# disc harrow choice for food plots question



## sea trout

hello!!!!!!!!
I'm callin on all tractor implement knowledgeable folks who would like to share expertise with a soon to be first time tractor buyer and implement buyer!!

I want to buy my own disc harrows soon, very soon!

I'm gonna be buyin my own tractor later this fall. I will buy a 4x4 in the 38 to 44 horse power range.

Right now to work on food plots we use a FRIENDS 37HP KUBOTA 4X4 AND ANOTHER FRIENDS 42HP MAHINDRA 4X4.

BOTH TRACTORS WORK WELL WITH THE 5FT HARROWS WE BORROW. THEY HAVE A FRONT ADJUSTABLE ROW OF CUTTIN DISC AND A REAR ADJUSTABLE ROW OF CUTTIN DISK.

THEY WORK GOOD. EXCEPT FOR IN THICK BERMUDA GRASS

I'VE BEEN SHOPPIN ON CRAIGS LIST FOR MY OWN. THEY ARE USUALLY IN THE 600 DOLLAR RANGE.

I LOOKED  AT TRACTOR SUPPLY TODAY. THEY HAD A 6FT SET. The front row were cutting disc with adjustable angles.
The rear row were smoothin disk with kinda but not really adjustable angles.

So my question's are, long pre question story I know, sorry.
Is the harrows at tractor supply good, fair or poor quality?
If our food plots get plowed for spring and fall plots every year is the cutting disk up front and smoothin disk in back a good idea?
What would the difference be with two rows cutting disk and the ones with cutting front row and smoothin back row be if you were cutting new plots in new hard or grassy ground?
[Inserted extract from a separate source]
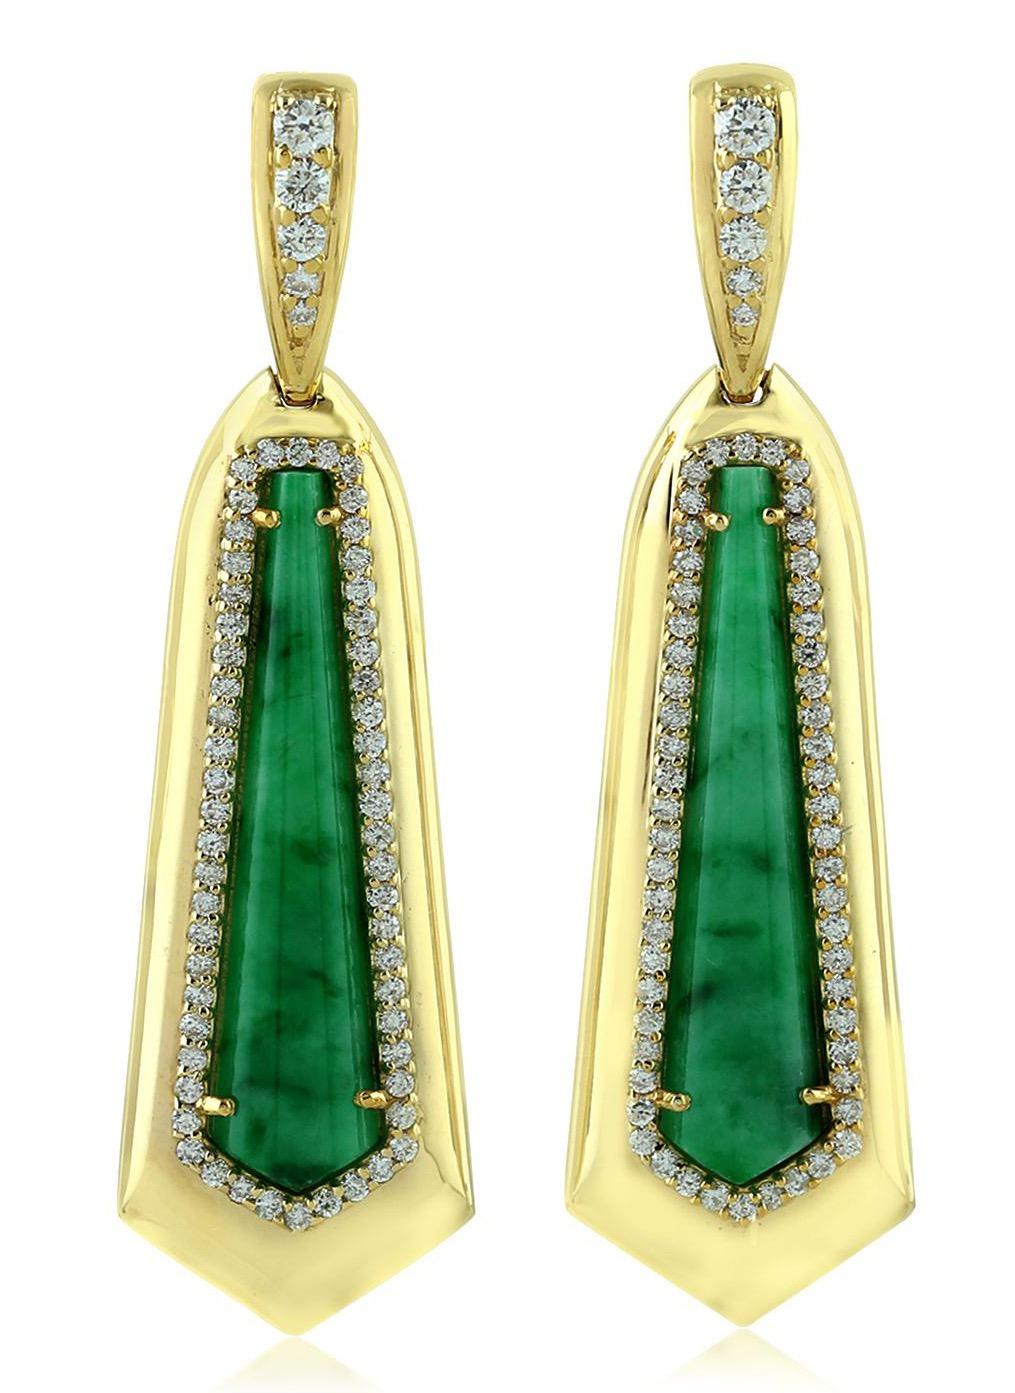 Mixed Cut 8.45 Carat Jade Diamond 18 Karat Gold Earrings For Sale

Thanks for any input!!!!!!!!!!
Please add anything I need to know to help me this fall!!!!


----------



## Rackbuster

I have a 6 ft. Taylor Way harrow with my 40 hp ferguson. I personally like the double set of scallop disc as opposed to the smooth on back. You get in rough land or grassy dirt you will appreciate the back row cutting also. I worked on a farm most of my life and we always went with scallop on all. Both sections of mine will adjust to get very aggressive and at times it is needed.


----------



## drawedback

If your looking at the box frame harrow at tractor supply, they look pretty well built, however I havent used one so couldn't tell you for sure. The angle framed harrow is not a good choice, it is very light duty, and probably wouldn't last many years, and definately wouldn't be heavy enough to plow up thick grass. I know your already looking at a substantial investment, but I would suggest you look at buying a sprayer as well if you have a lot of thick grass, like bermuda. I have a 20 foot cutting harrow that won't cut thick bermuda in without several passes. You won't believe how much better you can plow the ground after the grass has been burned off with a good herbicide application. The front cutting disc  on a harrow should break the ground, and let the back disc get in the ground. I have a 12 foot taylor way that I run smooth disc on the rear gangs, and it cuts just as well, the difference is in smoothing, The smooth disc can leave the field smooth as a babies behind.


----------



## sea trout

thanks for the info guys that I will be thinkin and talkin about!!!!!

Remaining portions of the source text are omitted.